Um dos seus negócios que mais se associa à atriz é a Beiju Tapiocaria, que Rita vendeu, entretanto. “Vendemos a empresa já implementada. A Beiju continua no ativo, felizmente. Eu não conseguia gerir 12 restaurantes, a minha carreira e as redes sociais. Estava a ser um bocadinho complicado porque realmente a restauração é um dos campos mais difíceis de se trabalhar e tiro o chapéu a todas as pessoas que trabalham em restauração, tem mesmo de se estar presente. E aprendi isso. Aprendi e preferi vender enquanto estava no auge”, conta.
Profissão: Atriz
E se tudo isto acabasse amanhã?
“Para mim, não seria um problema. Se a minha conta no banco diminuiria, com certeza, mas a minha carreira ia continuar feliz”, diz.
Assim como continuou nos últimos cinco anos, com projetos como “Quero é Viver”, “Dança com as Estrelas” e a série brasileira “Dona Beja”, da HBO. Este último trabalho, ainda por estrear, foi o concretizar de um dos maiores sonhos de Rita a nível profissional. “Foi uma aprendizagem mesmo muito grande a nível pessoal. De repente, voltar à estaca zero, não ser a Rita Pereira com a carreira que tenho aqui há 20 anos, ninguém saber quem eu sou, tanto a nível profissional como a nível pessoal, viver seis meses sozinha sem família e sem amigos por perto. Foi tudo uma grande aprendizagem, mudei bastante e foi muito positivo para mim”, conta.

Depois de 20 anos a ser conhecida do público em Portugal, Rita entrou num novo mercado e voltou a começar do zero. O impacto de fazer um trabalho no Brasil nas redes sociais ainda não foi sentido, uma vez que o projeto ainda não estreou, mas o país é um dos mais fortes nas redes.
“Fez-me olhar para a fama de outra forma, que é muito como o Herman diz: Vais a Badajoz e já ninguém te conhece. Eu sempre tive essa consciência. Ali eu vivi seis meses assim e é diferente, mas foi muito positivo. Não é que eu não goste de ser abordada, eu gosto e vivo muito bem com a abordagem das pessoas, mas vivi perfeitamente a situação da não-popularidade enquanto estive estes seis meses no Brasil. Fez-me observar os outros, os famosos. Fez-me olhar para eles e perceber: Será que eu faço isto? Será que eu vivo desta forma? Fez-me olhar para mim interiormente através dos outros”, diz.

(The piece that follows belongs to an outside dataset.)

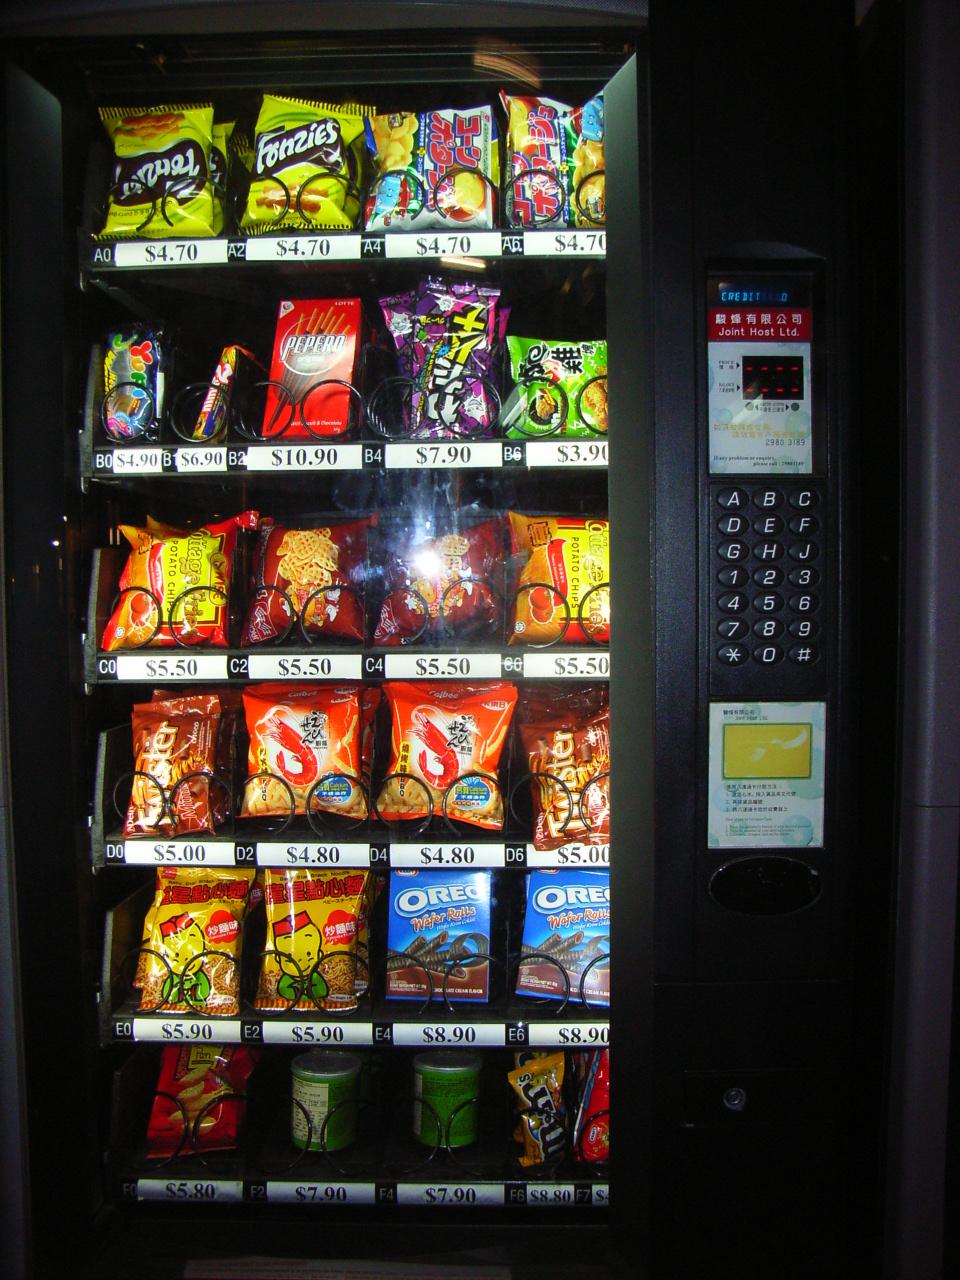 Hd Hot Dog Vending Machine

A passagem pelo Brasil deu-lhe também um outro ponto de vista em relação à forma como a cultura é vista e tratada deste lado do oceano. “Comparando com o que vi no Brasil, a cultura portuguesa precisa de muito mais apoio”, diz. Uma das soluções pode passar exatamente pelo alcance que os influenciadores têm nas redes. “Eu acho que se a cultura fosse muito mais falada, muito mais publicitada e consumida por todos, estaria mais perto do que é no Brasil a nível de apoios do Estado. Acho sinceramente que o Estado, ao ver que há um apoio mediático e das redes, olhará para aquilo que oferece aos atores e aos artistas todos de outra forma. Porque, infelizmente, também é assim que funciona”, acrescenta.
E é por cá que Rita espera conseguir fazer uma série em breve, o próximo objetivo que tem em mente. “Gostava muito de fazer uma série, porque em Portugal só fiz novelas. Não participei em séries, os Morangos por mais que se diga que é uma série, no fim do dia é uma novela”, conclui.